Dataset extract Block Start

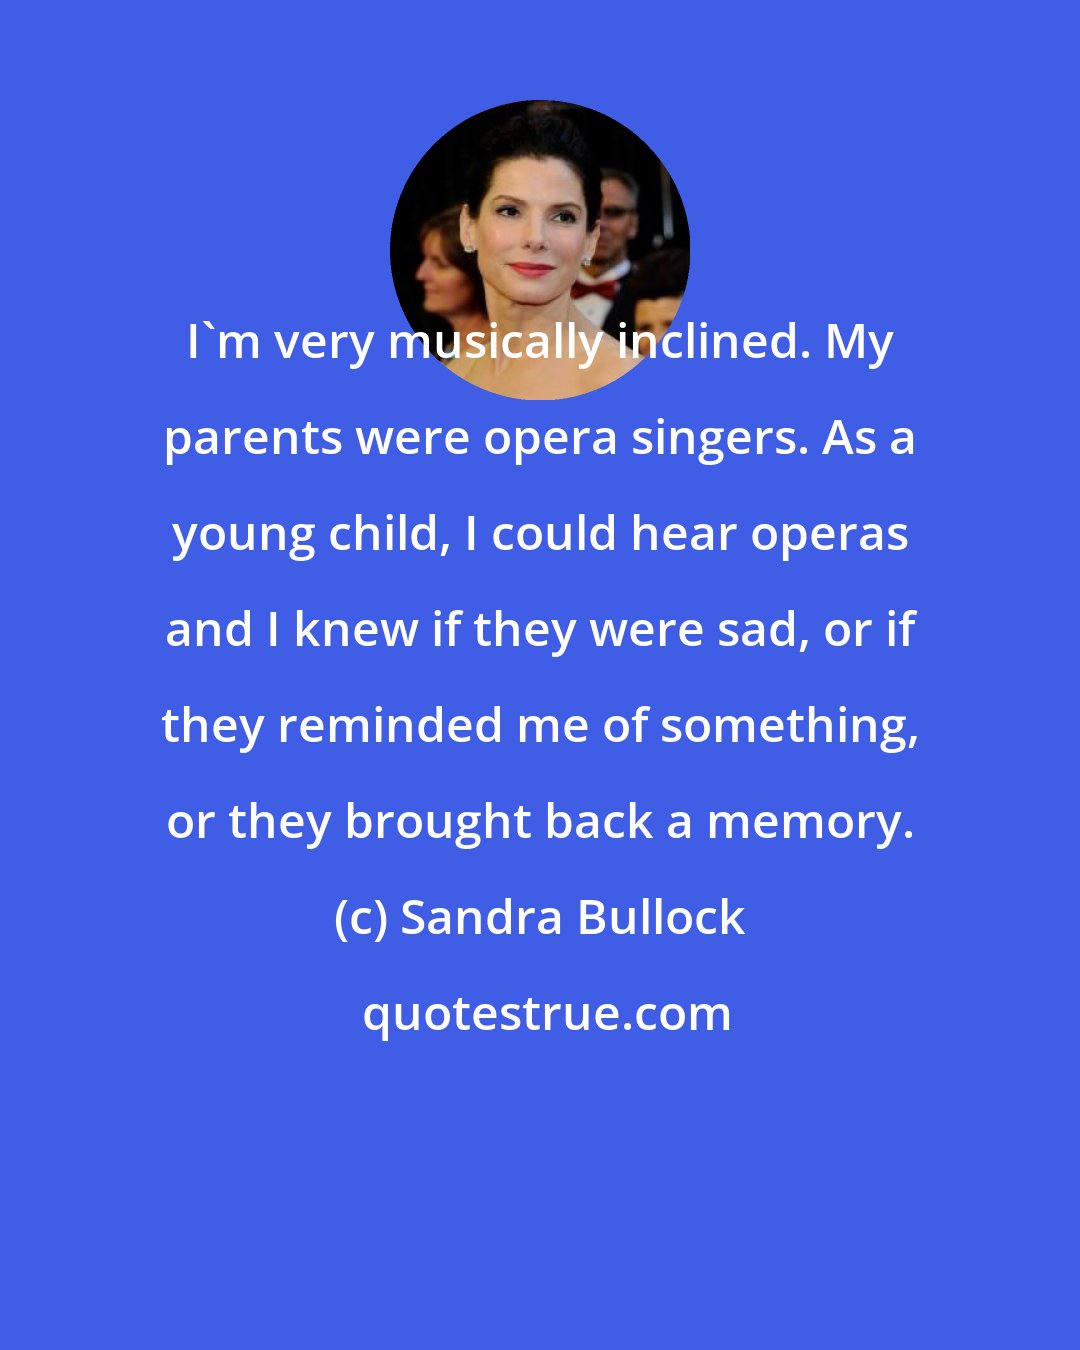 Sandra Bullock: I'm very musically inclined. My parents were opera singers. As a young child, I could hear operas and I knew if they were sad, or if they reminded me of something, or they brought back a memory.
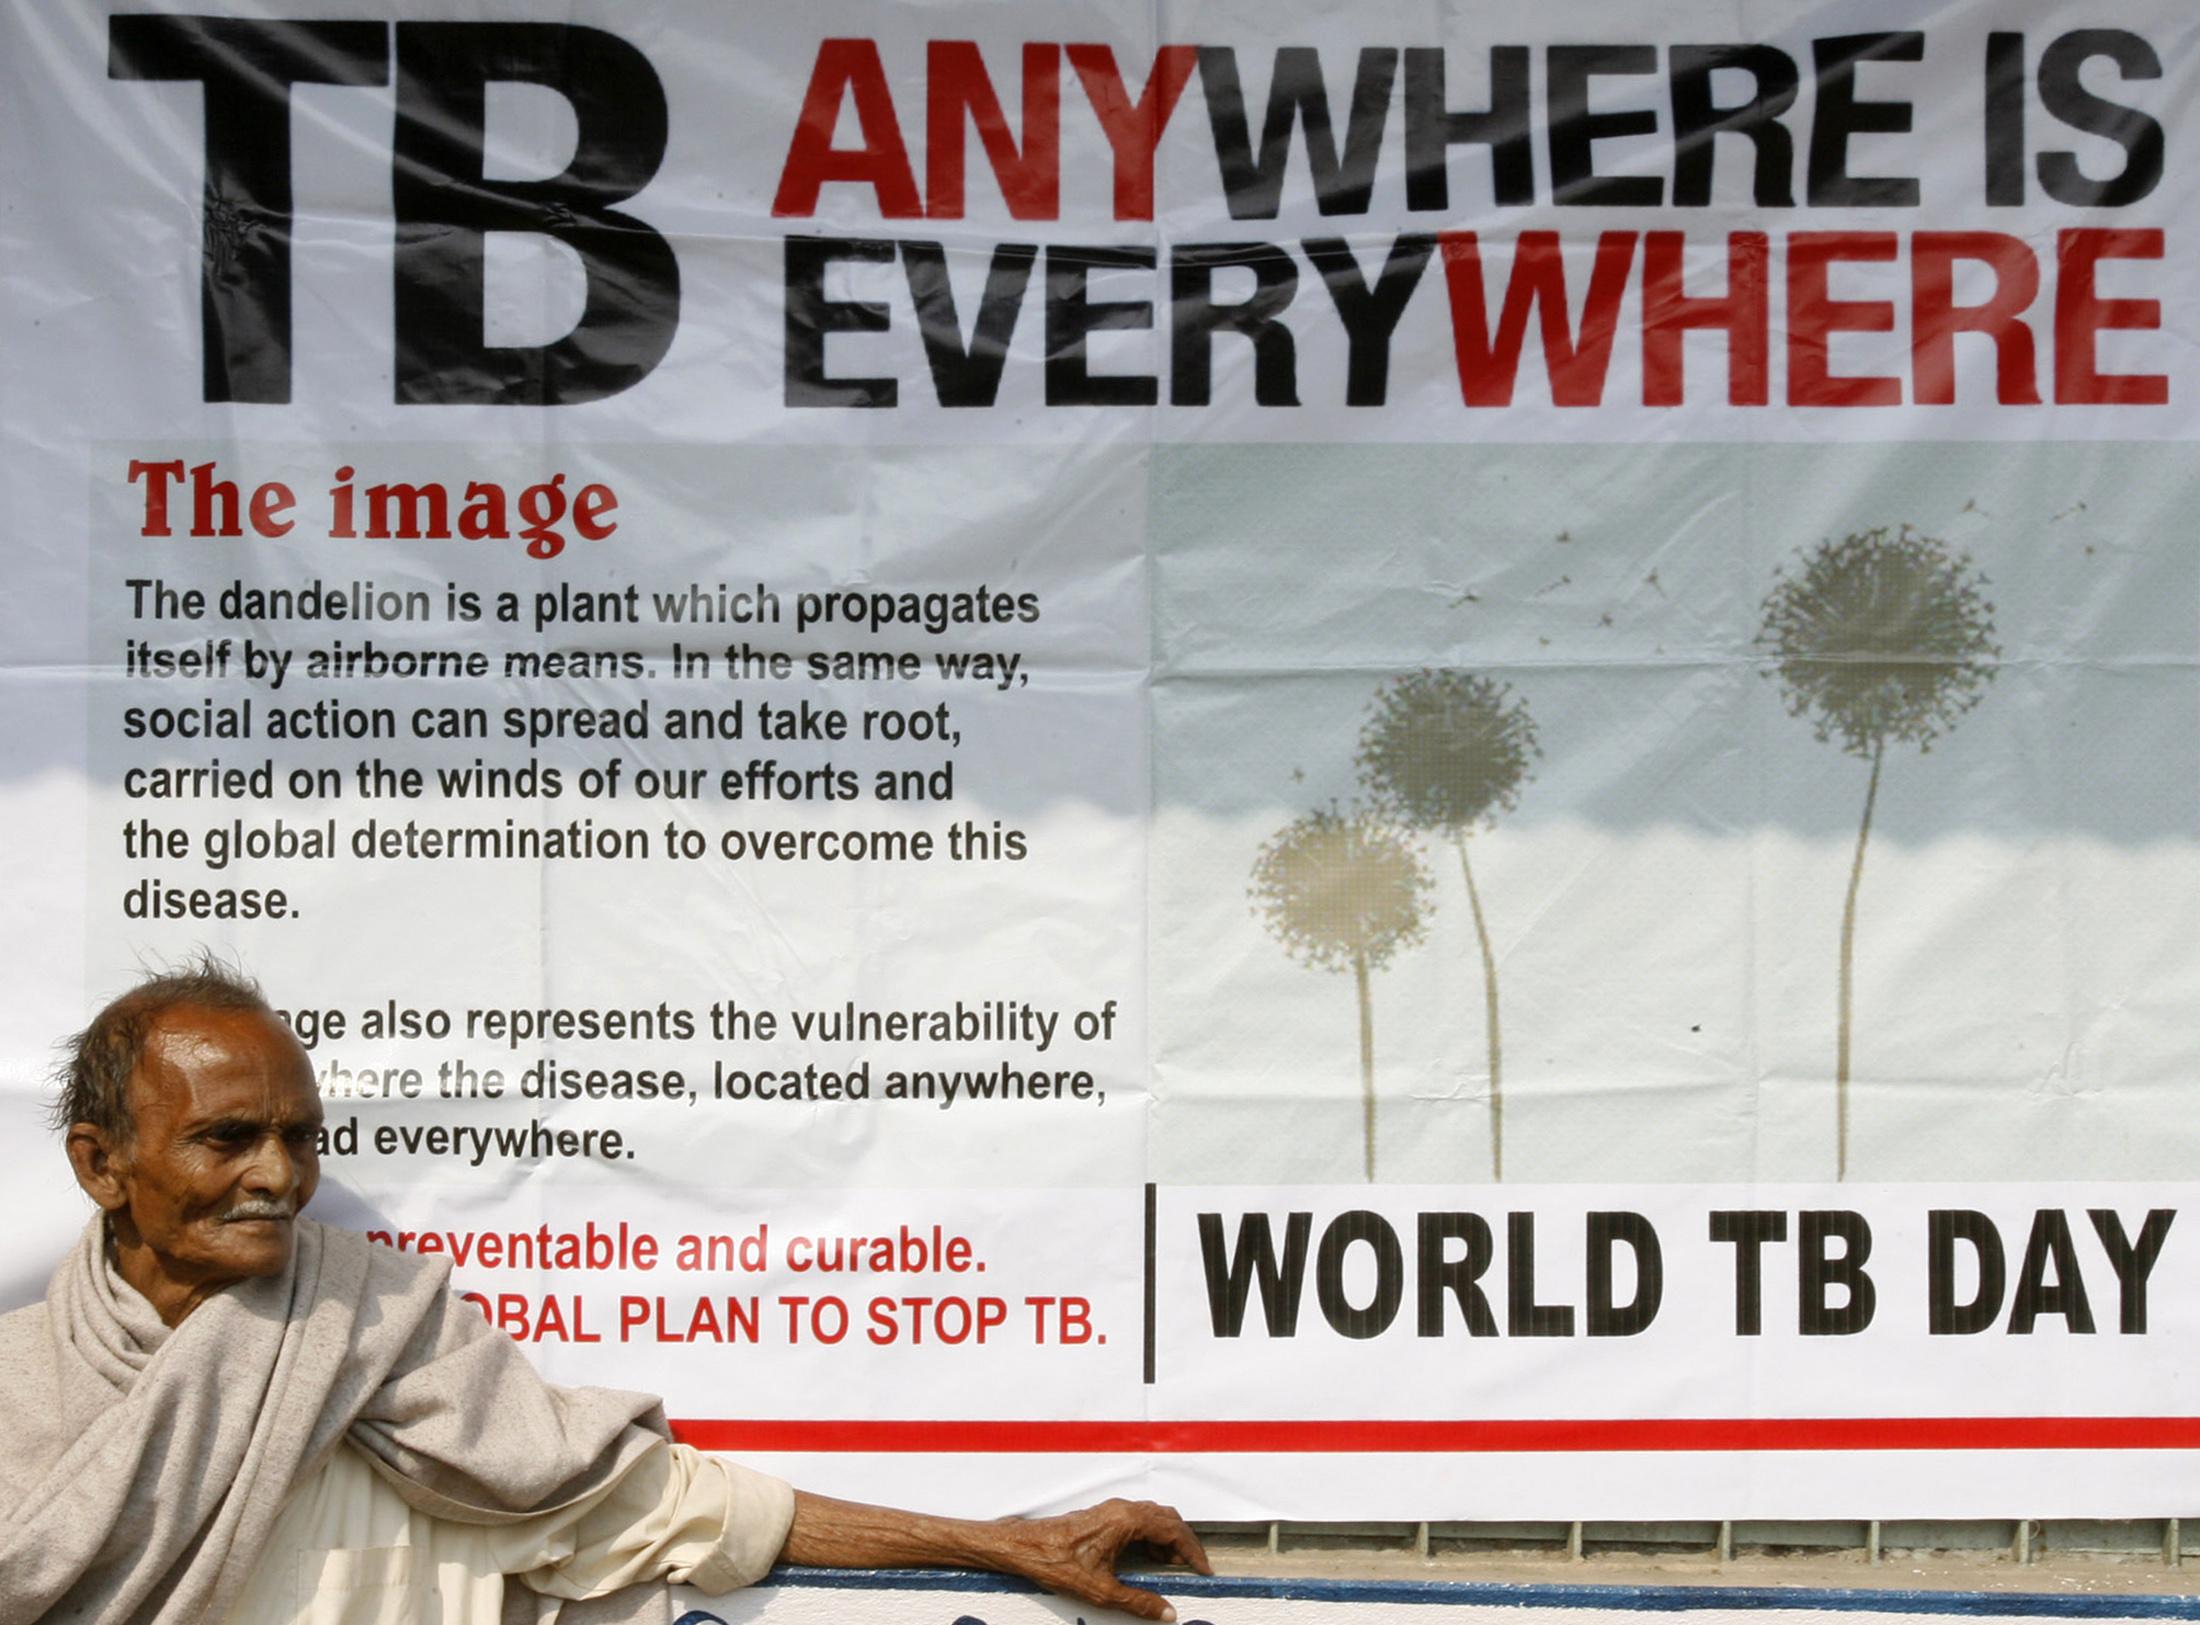 Man living with TB waits for treatment outside a medical center in Siliguri, India, on March 24, 2009.
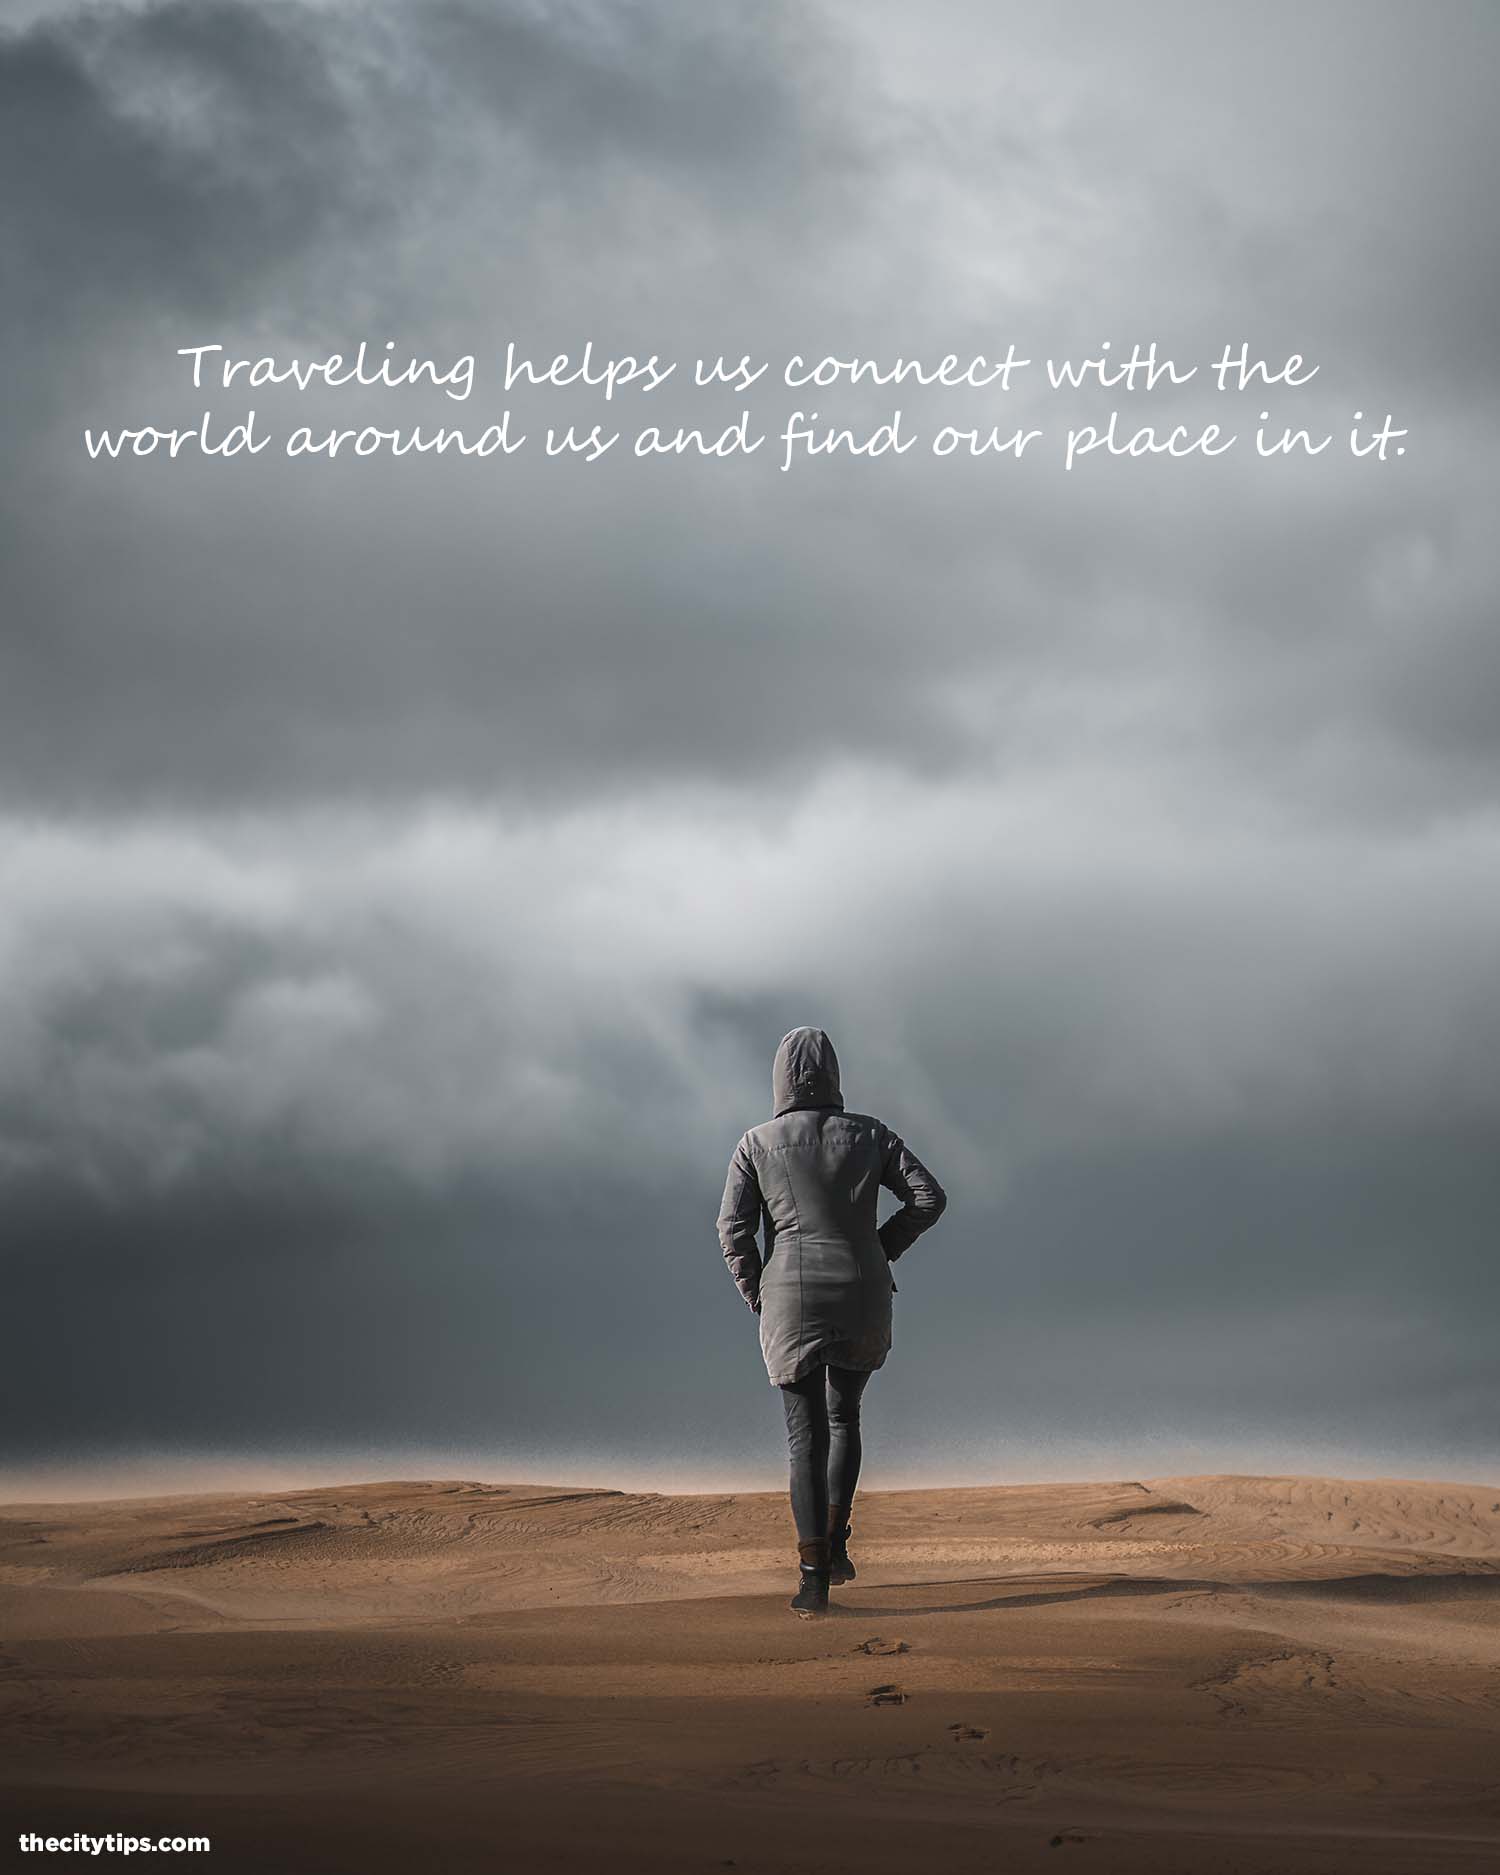 "Traveling helps us connect with the world around us and find our place in it." by Anonymous

Dataset extract Block End

Where the data contains images, drop them and print the rest exactly.

 Sandra Bullock: I'm very musically inclined. My parents were opera singers. As a young child, I could hear operas and I knew if they were sad, or if they reminded me of something, or they brought back a memory.
 Man living with TB waits for treatment outside a medical center in Siliguri, India, on March 24, 2009.
 "Traveling helps us connect with the world around us and find our place in it." by Anonymous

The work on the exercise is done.